Abstract
While pluripotent stem cell-derived kidney organoids are now being used to model renal disease, the proximal nephron remains immature with limited evidence for key functional solute channels. This may reflect early mispatterning of the nephrogenic mesenchyme and/or insufficient maturation. Here we show that enhanced specification to metanephric nephron progenitors results in elongated and radially aligned proximalised nephrons with distinct S1 - S3 proximal tubule cell types. Such PT-enhanced organoids possess improved albumin and organic cation uptake, appropriate KIM-1 upregulation in response to cisplatin, and improved expression of SARS-CoV-2 entry factors resulting in increased viral replication. The striking proximo-distal orientation of nephrons resulted from localized WNT antagonism originating from the organoid stromal core. PT-enhanced organoids represent an improved model to study inherited and acquired proximal tubular disease as well as drug and viral responses.

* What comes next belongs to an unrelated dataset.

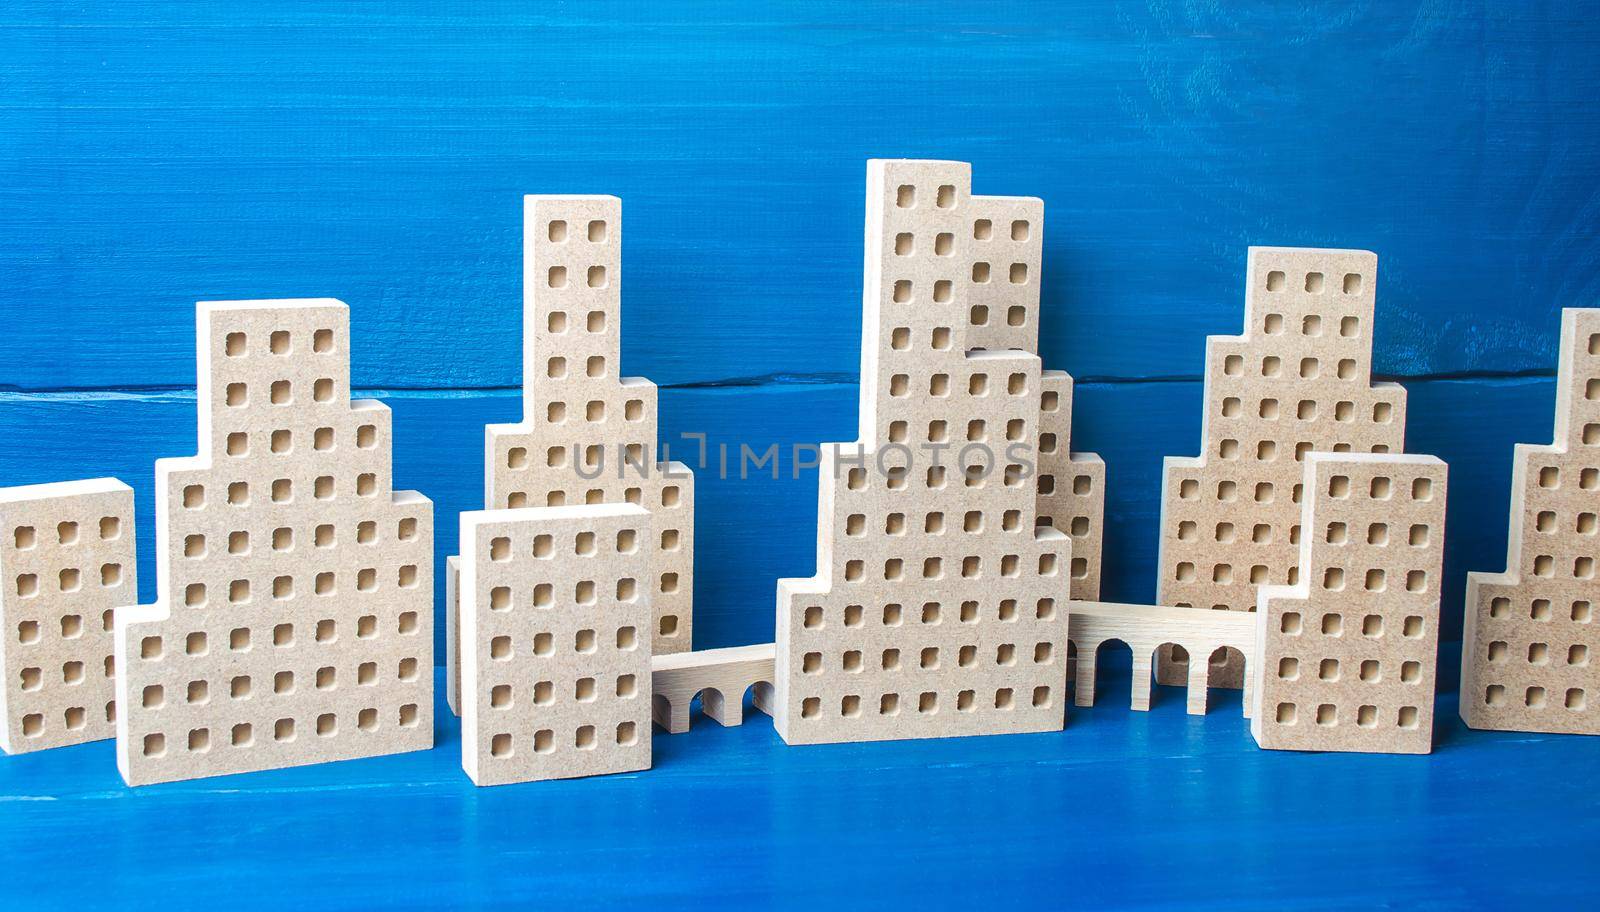 City of figures of buildings on a blue background. Concept for real estate, urban environment and transport infrastructure. City management and planning. Construction industry, growth and development. by iLixe48

Competing Interest Statement
The authors have declared no competing interest.
Footnotes
1) Inclusion of more in-depth comparisons of standard and PT-enhanced organoids at the level of transcription, protein expression, functional transport capacity, application to nephrotoxicity assessment, and application to SARS-CoV-2 infection modelling. 2) Further clarification of PT-enhanced organoid non-nephron cell types 3) Quantification and further validation of existing data (mechanism of nephron spatial arrangement and SARS-CoV-2 experiments).